About me
Hello, I'm Mohan Bhosale, a Data Scientist with 4+ years of experience building ML systems that actually ship to production. I'm currently completing my Master's in Data Science at Northeastern University (GPA: 3.96) and most recently worked as a Data Scientist Co-op at Cohere Health, where I built predictive models analyzing 10M+ healthcare claims on AWS SageMaker and implemented end-to-end MLOps pipelines that helped optimize $8.5M in annual medical expenses.
My industry experience spans healthcare, ad-tech, and ed-tech. At Mediamint, I designed real-time Spark/Kafka pipelines, built customer segmentation models that lifted engagement by 25%, and led A/B testing that drove a 30% increase in ad performance. At Allround Club, I built a hybrid recommendation engine with TensorFlow and Apache Spark that boosted course purchases by 25% and ran churn analysis that cut attrition by 12%. I don't just train models. I build the data infrastructure, run the experiments, and deliver dashboards that stakeholders actually use.
My recent work focuses on LLMs and multi-agent AI systems in production settings. I've architected ClassifyAI, an 8-agent LLM system that automates full ML classification pipelines via LangGraph. I built HIMAS, a federated learning platform for privacy-preserving ICU mortality prediction that won 1st Place at the Google Cambridge MLOps Hackathon. I've also developed a multi-modal video ad classifier (F1: 0.81) using PyTorch and Transformers for Prof. Yakov Bart, and built Extended-Reality remote assistance systems with LLM-driven avatars in Prof. Mallesham's EXP research lab. My toolkit covers the full pipeline: PySpark ETL, feature engineering, LangChain/RAG, Docker/Kubernetes deployments, and cloud infrastructure across AWS, GCP, and Azure.

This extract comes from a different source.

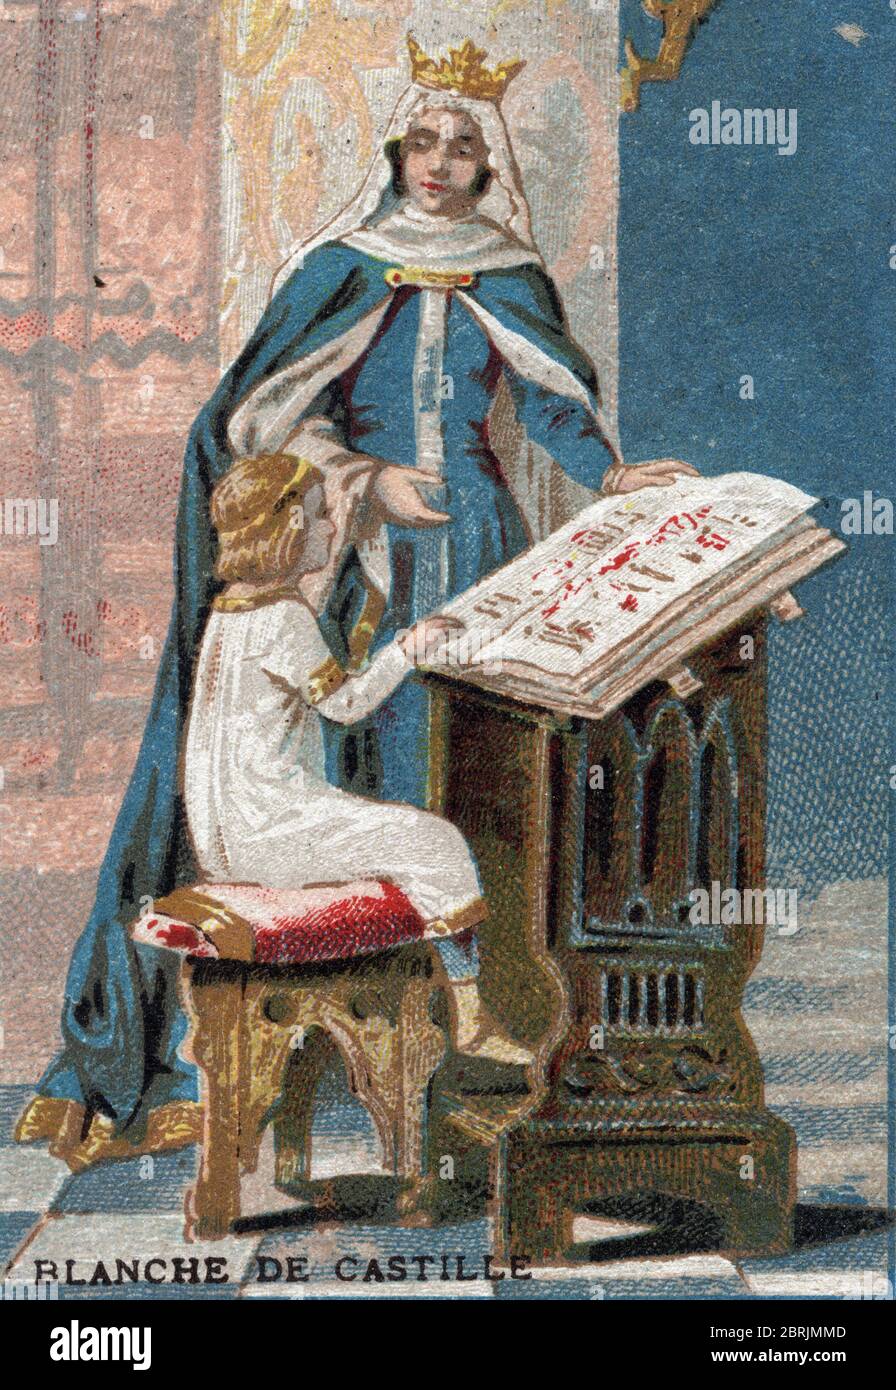 'La reine Blanche de Castille donne une lecon au futur roi Louis IX (saint Louis) (1214-1270) enfant' (Saint Louis (Louis IX) being taught by His Moth Stock Photo

I'm looking for roles where I can combine deep ML expertise with real engineering discipline to solve hard problems at scale, especially in healthcare AI, ML infrastructure, or any team where data science means shipping production systems, not just notebooks.
What i'm doing
-
Building Production-Ready ML Solutions
Experienced in architecting and deploying scalable machine learning models in production environments. Currently working with healthcare claims data to build predictive models using PySpark and advanced ML frameworks on AWS SageMaker, optimizing millions in medical expenses while improving patient outcomes.
-
Research
Actively engaged in cutting-edge research in AI, computer vision, and NLP. My research interests include multi-modal learning, generative AI, and Large Language Models. I've developed innovative solutions like multi-modal video ad classifiers and RAG-based document analysis systems that push the boundaries of AI applications.
-
Data Analytics
Expert in extracting actionable insights from complex, large-scale datasets using advanced statistical methods and visualization tools. Proficient in designing real-time data pipelines, conducting A/B testing, and creating comprehensive dashboards that drive data-informed decision-making and business strategy.
-
Problem Solving
Specialized in tackling intricate data science problems across diverse domains. From healthcare optimization to marketing automation, I consistently deliver innovative solutions that enhance efficiency, reduce costs, and drive measurable business impact through advanced analytics and machine learning techniques.